Sampling Bias in CS Education, and Where’s the Cyber Strategy?

http://bit.ly/1PpjWmn January 11, 2016

Every episode of the radio variety show "A Prairie Home Companion" includes a segment in which host Garrison Keillor tells stories from his mythical hometown, Lake Wobegon. Each segment ends with, "Well, that’s the news from Lake Wobegon, where all the women are strong, all the men are good looking, and all the children are above average." That notion, that "all the children are above average," is an example of what is known as the Lake Wobegon Effect (http://bit.ly/1JYKFKr), also known as "illusory superiority" (http://bit.ly/23JkX33).

The Lake Wobegon Effect is where we consider the small sample in our experience superior to the population overall. A concrete example: 80% of drivers consider themselves above-average drivers.
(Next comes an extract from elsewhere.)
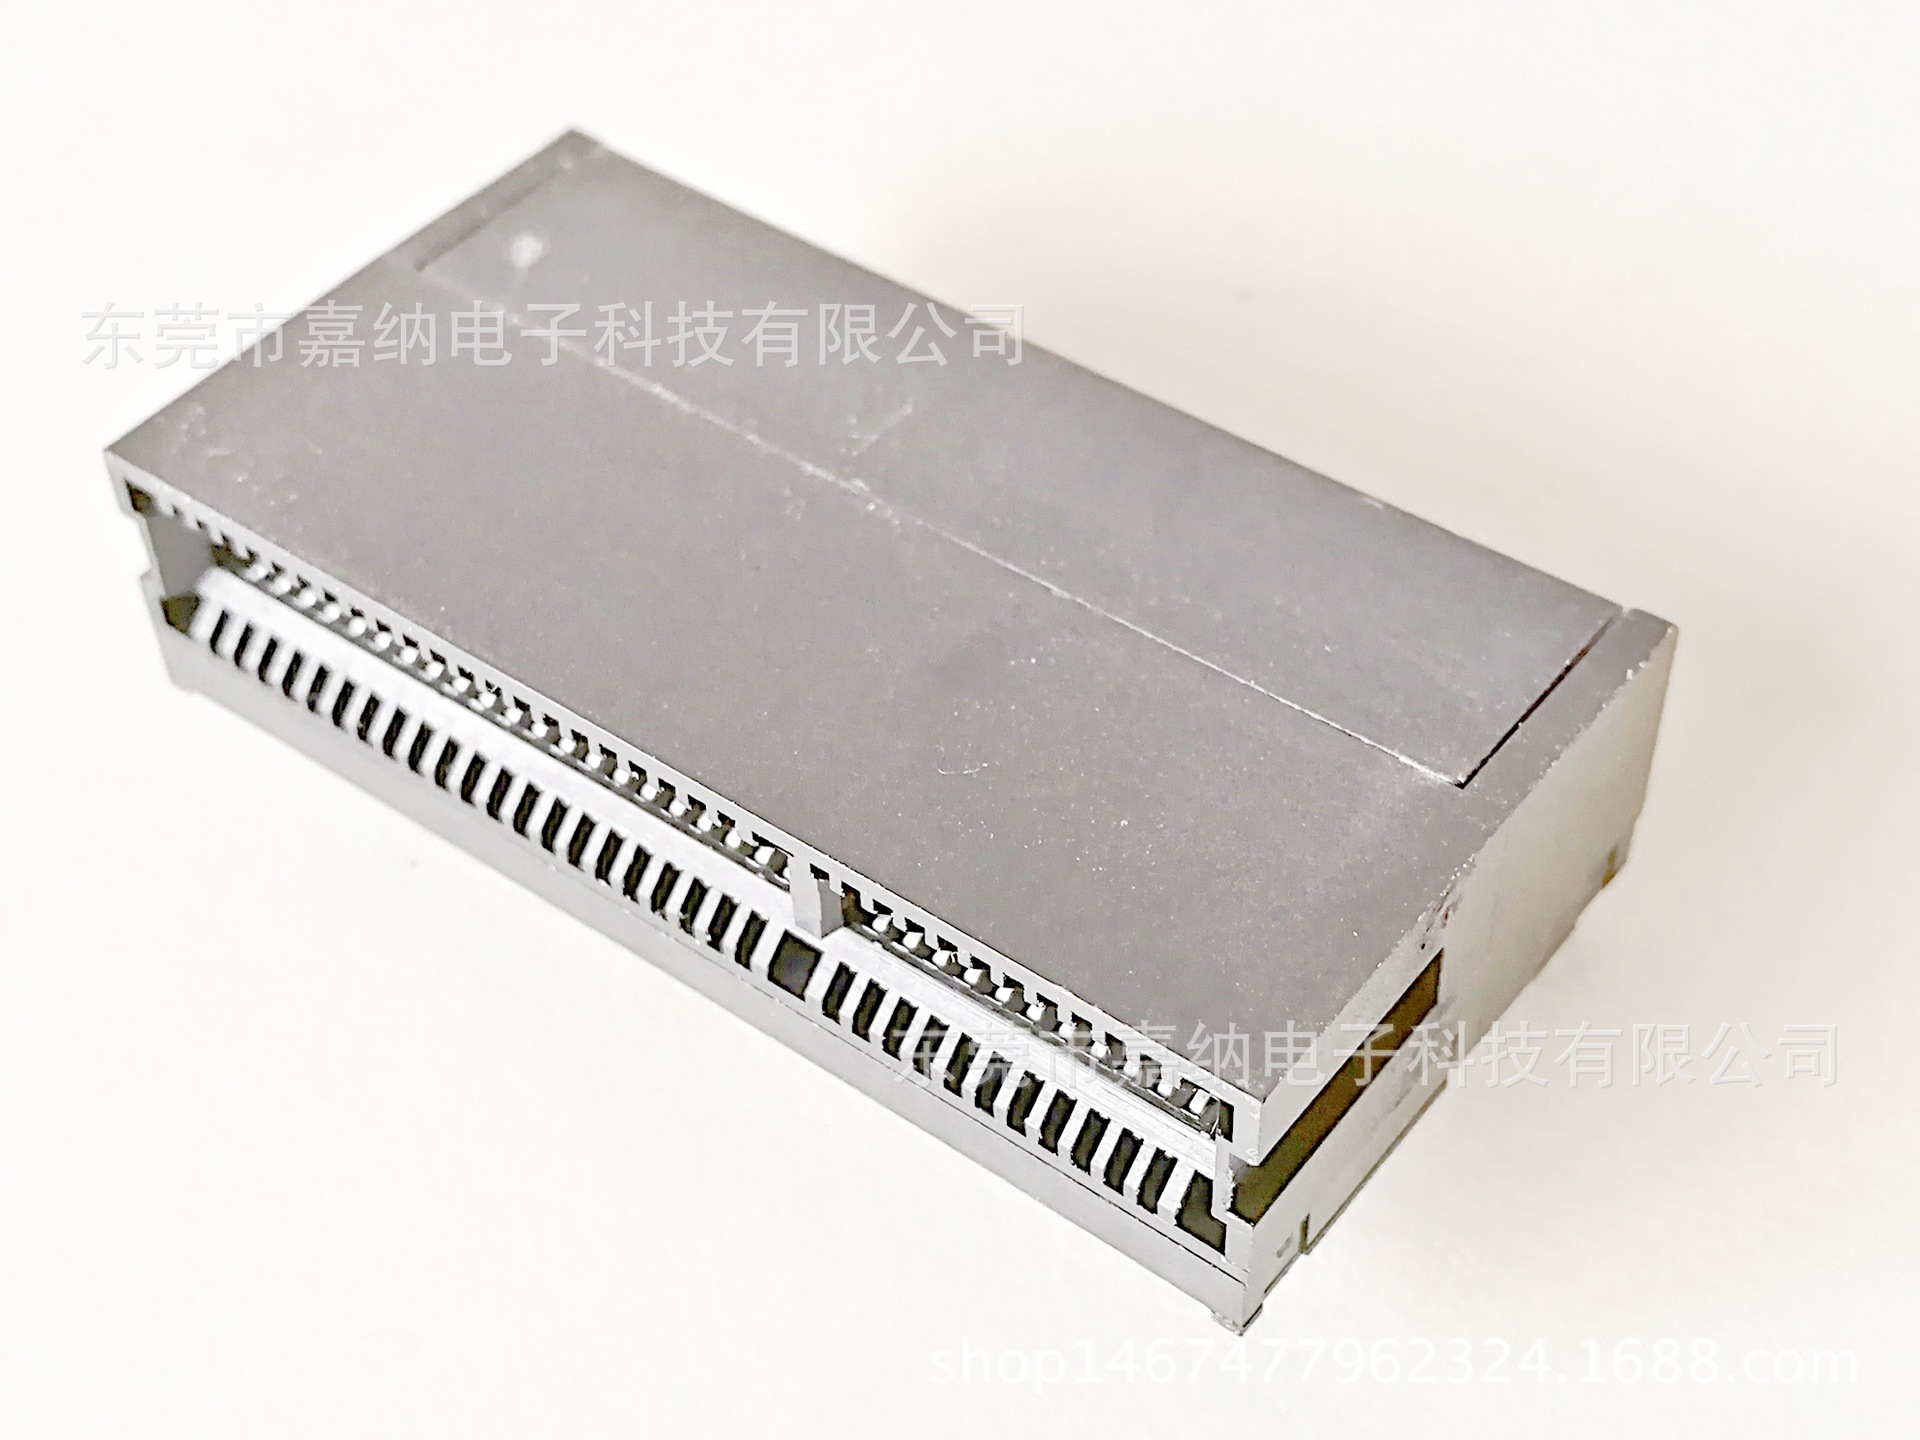 厂家直销插槽电脑显卡主板连接器PCIE间距1.0 36

Obviously that cannot be true, but it is common that we think what we experience is above average.

The Inverse Lake Wobegon Effect is a term I am coining for a fallacy that I see sometimes in computer science (CS) education: we sample from a clearly biased source and assume the sample describes the overall population. We know we are observing a superior sample, but act like we are getting a randomly distributed sample. This is a form of sampling bias (http://bit.ly/1R358iK).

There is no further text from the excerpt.